_Exercise details_: Images are not part of the copy; transcribe all the data exactly.

_Collected data_:
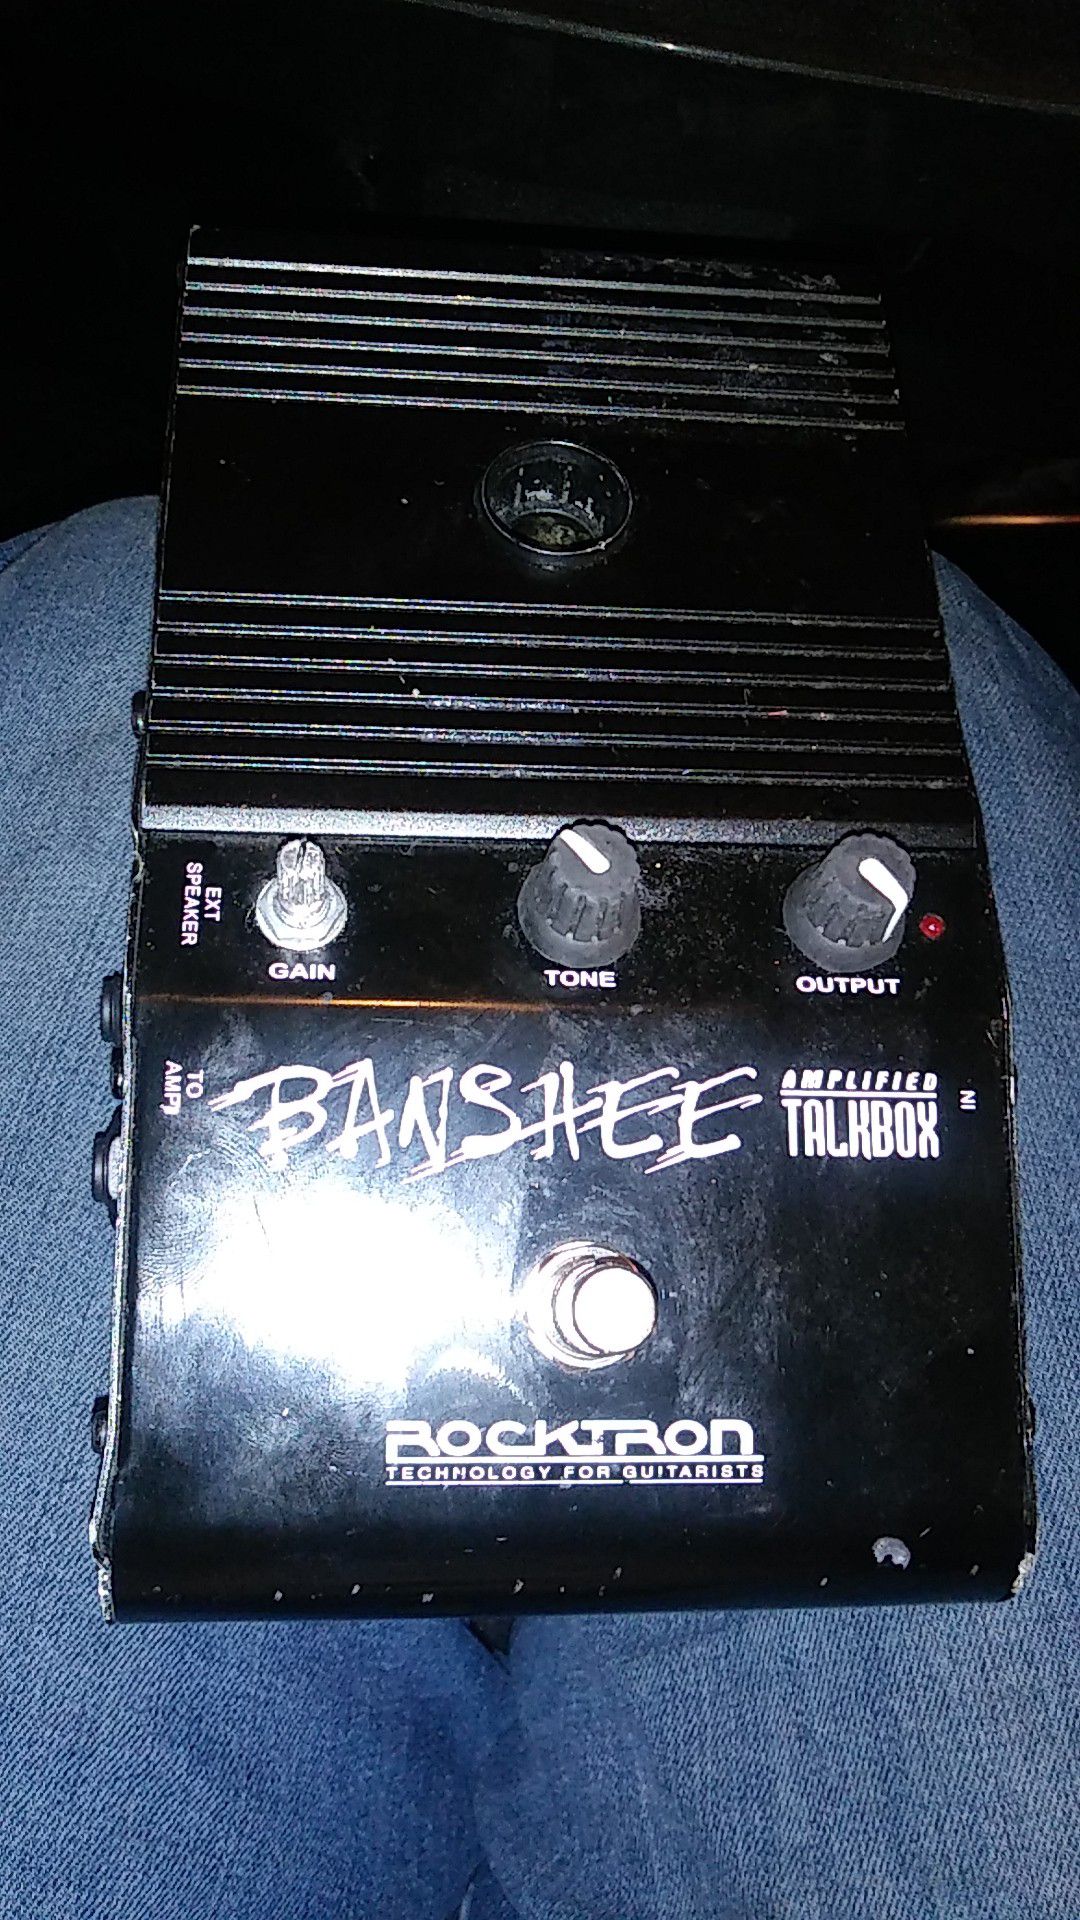 Banshee amplifier talkbox
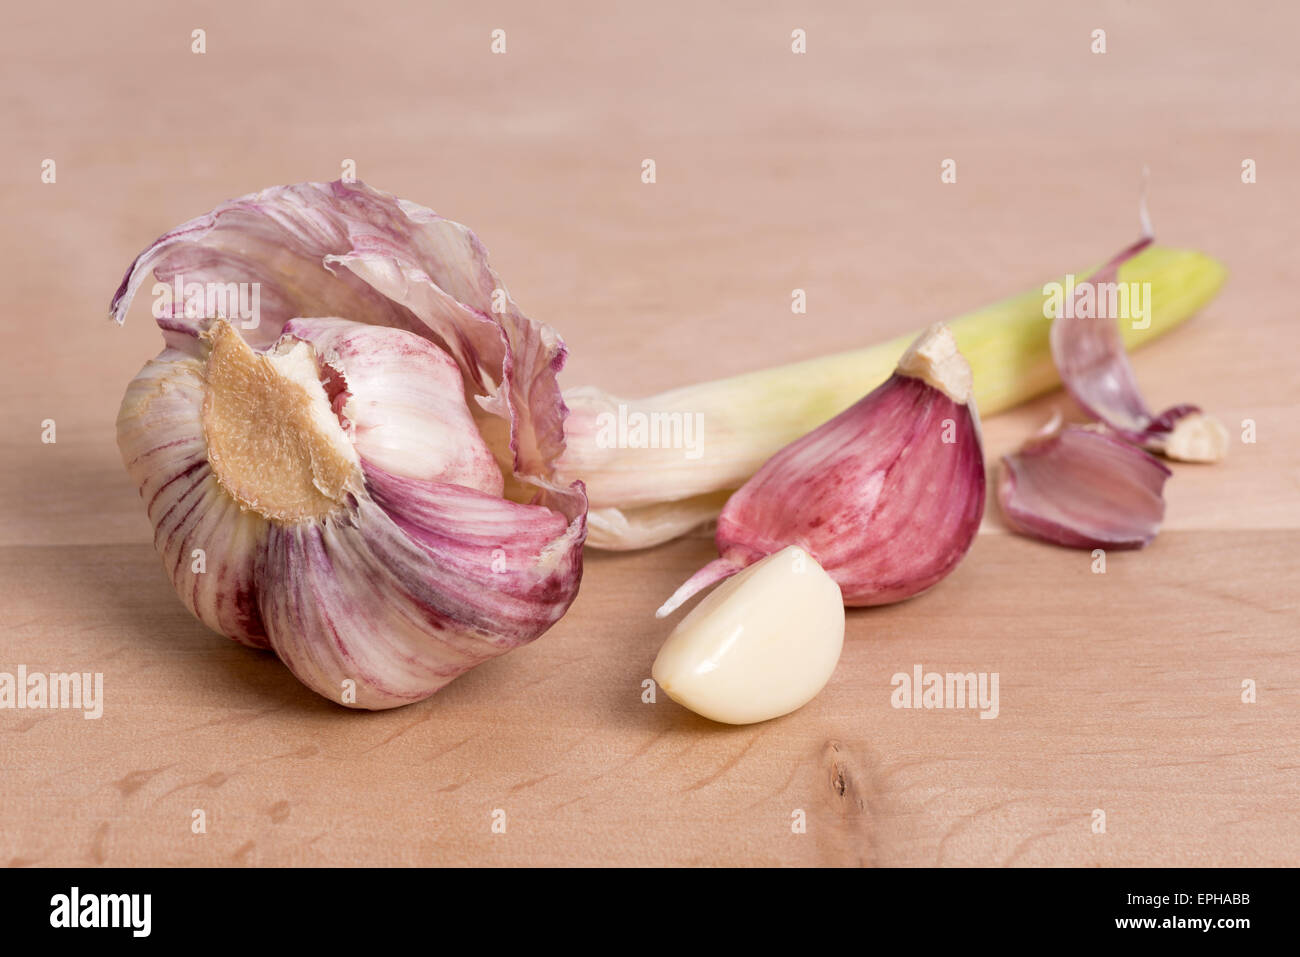 Aglio - chiodo di garofano e la testa di aglio su una tavola di legno Foto Stock
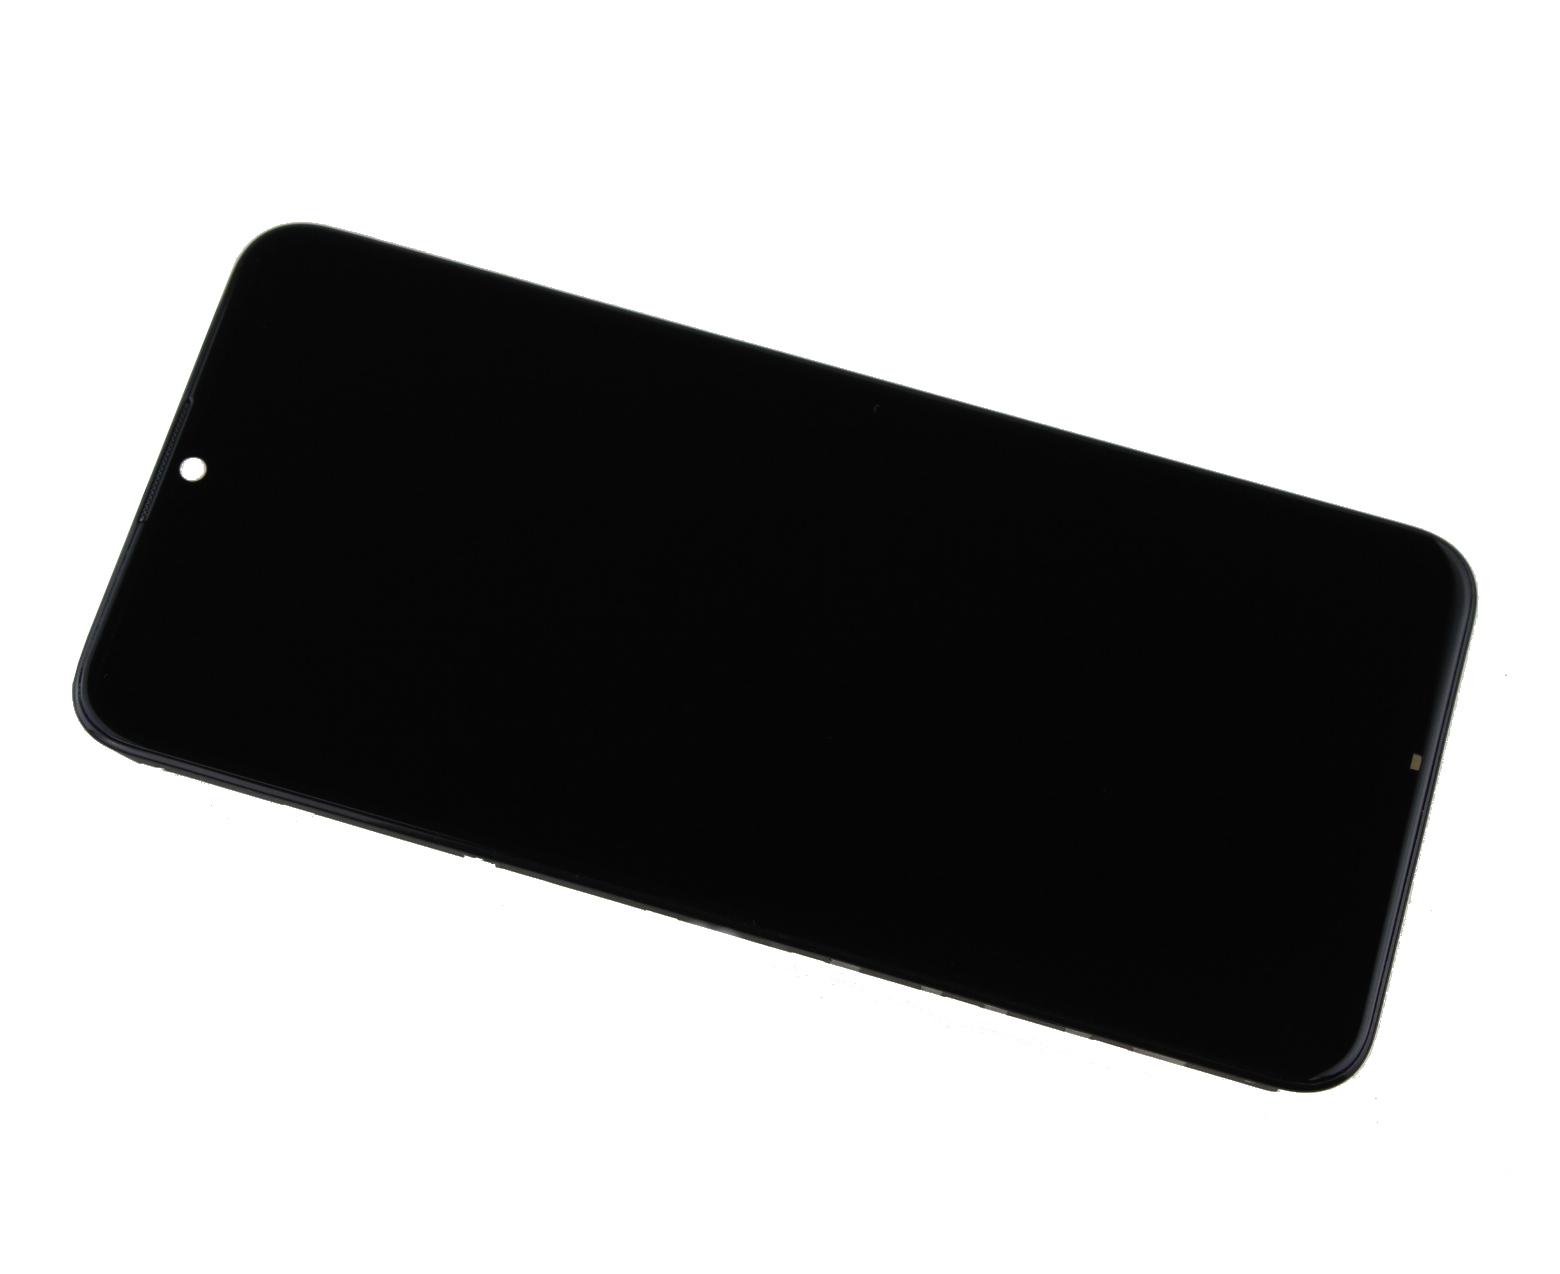 Originál LCD + Dotyková vrstva Huawei P Smart 2019 černá repasovaný díl - vyměněné sklíčko

_Task solution_:
 Banshee amplifier talkbox
 Aglio - chiodo di garofano e la testa di aglio su una tavola di legno Foto Stock
 Originál LCD + Dotyková vrstva Huawei P Smart 2019 černá repasovaný díl - vyměněné sklíčko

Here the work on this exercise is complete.